Well, I guess all this "friendly"-ness use case shall be re-evaluated.

For me an unstable or incubation flag would be more than sufficient, and the build might warn me or optionally fail if I'd use an unstable/incubation level of module.

I can be prepared on my side when I use something unstable and can adopt the change.

Though we have other type of users, who seriously invested in NetBeans Platform. Geertjan probably know the most of them, a survey on their site would be good to have.

Right now there is a possibility to tweak friendliness using Yenta (search it on Google).

Just a sample set of modules, from my own plugin code. These could be real public from 8.0 at least:

"org.netbeans.modules.gsf.testrunner",
"org.netbeans.modules.gsf.testrunner.ui",
"org.netbeans.modules.java.testrunner.ui",
"org.netbeans.modules.junit",
"org.netbeans.modules.junit.ui"



On 07/12/2018 04:11 PM, Peter Nabbefeld wrote:

Hello all,

I personally don't like "Friend" APIs, as really I like the idea of an open, extensible IDE.

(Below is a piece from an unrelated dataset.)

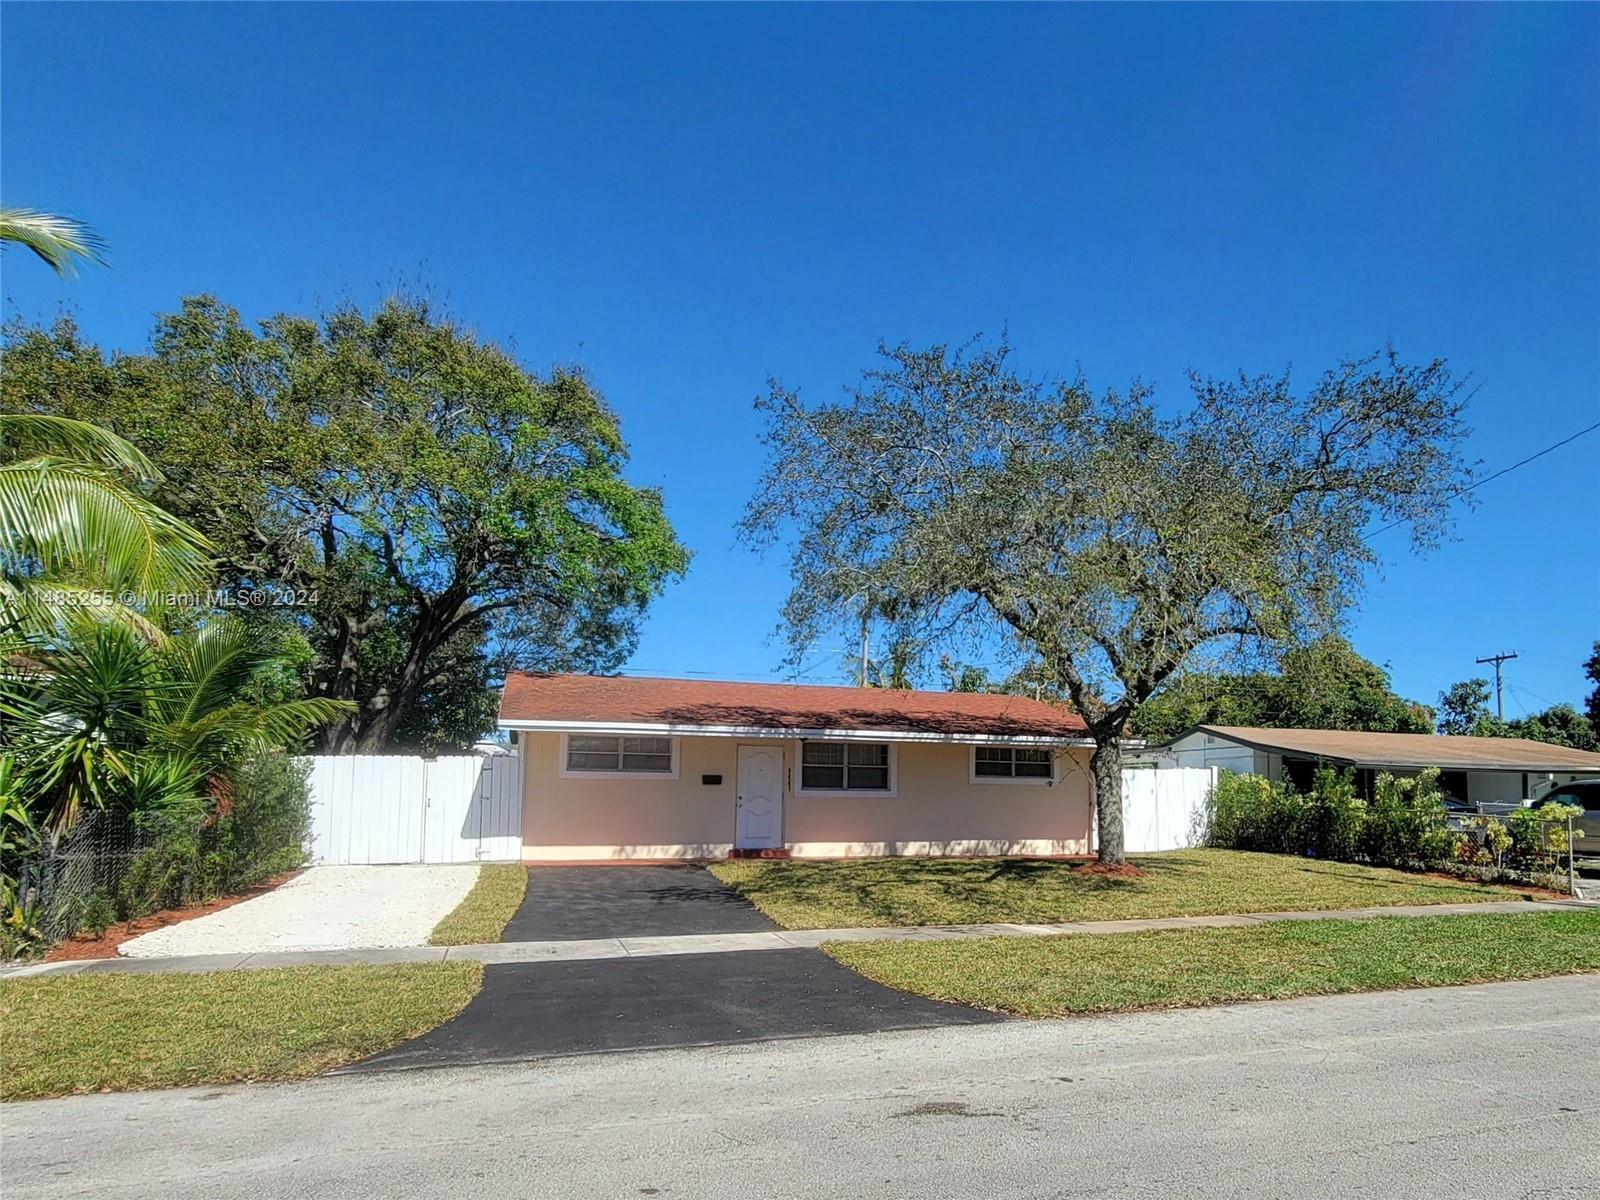 Photo of 6441 Allen St in Hollywood, FL

From my point of view, Friend APIs make it difficult or impossible to extend NetBeans for personal use: - You have to ask for being added to the friends list. This is especially a problem, if You want to implement some private-use feature, e.g. for Your employer. - Alternatively You could depend on the implementation version; but I don't see how to do that, if You're using Maven. - Third possibility is just patching the modules to remove the friends and make the API public - very ugly, and You have to do it after every update.

OTOH, having a friends-only API leads to fewer dependencies on the API, thus less impact from changes to the API, which makes work easier for the developers, of course.

However, if an API isn't stable, yet, it could also just be flagged as "Under Development", thus telling users of those, that it is subject to change. Also, as it is possible to use default methods in interfaces from Java 8, it should be less of a problem to extend an existing API. But You can use the API on Your own risk without any conflicts.

An exception of course is having APIs only for modularity, if classes are spread over different modules and need an API to interact with each other. In this case the API's purpose is not to integrate extensions, but to split responsibilities - in this case I fully agree these are not for public use.

I'd be interested in comments on this - so, what do You think?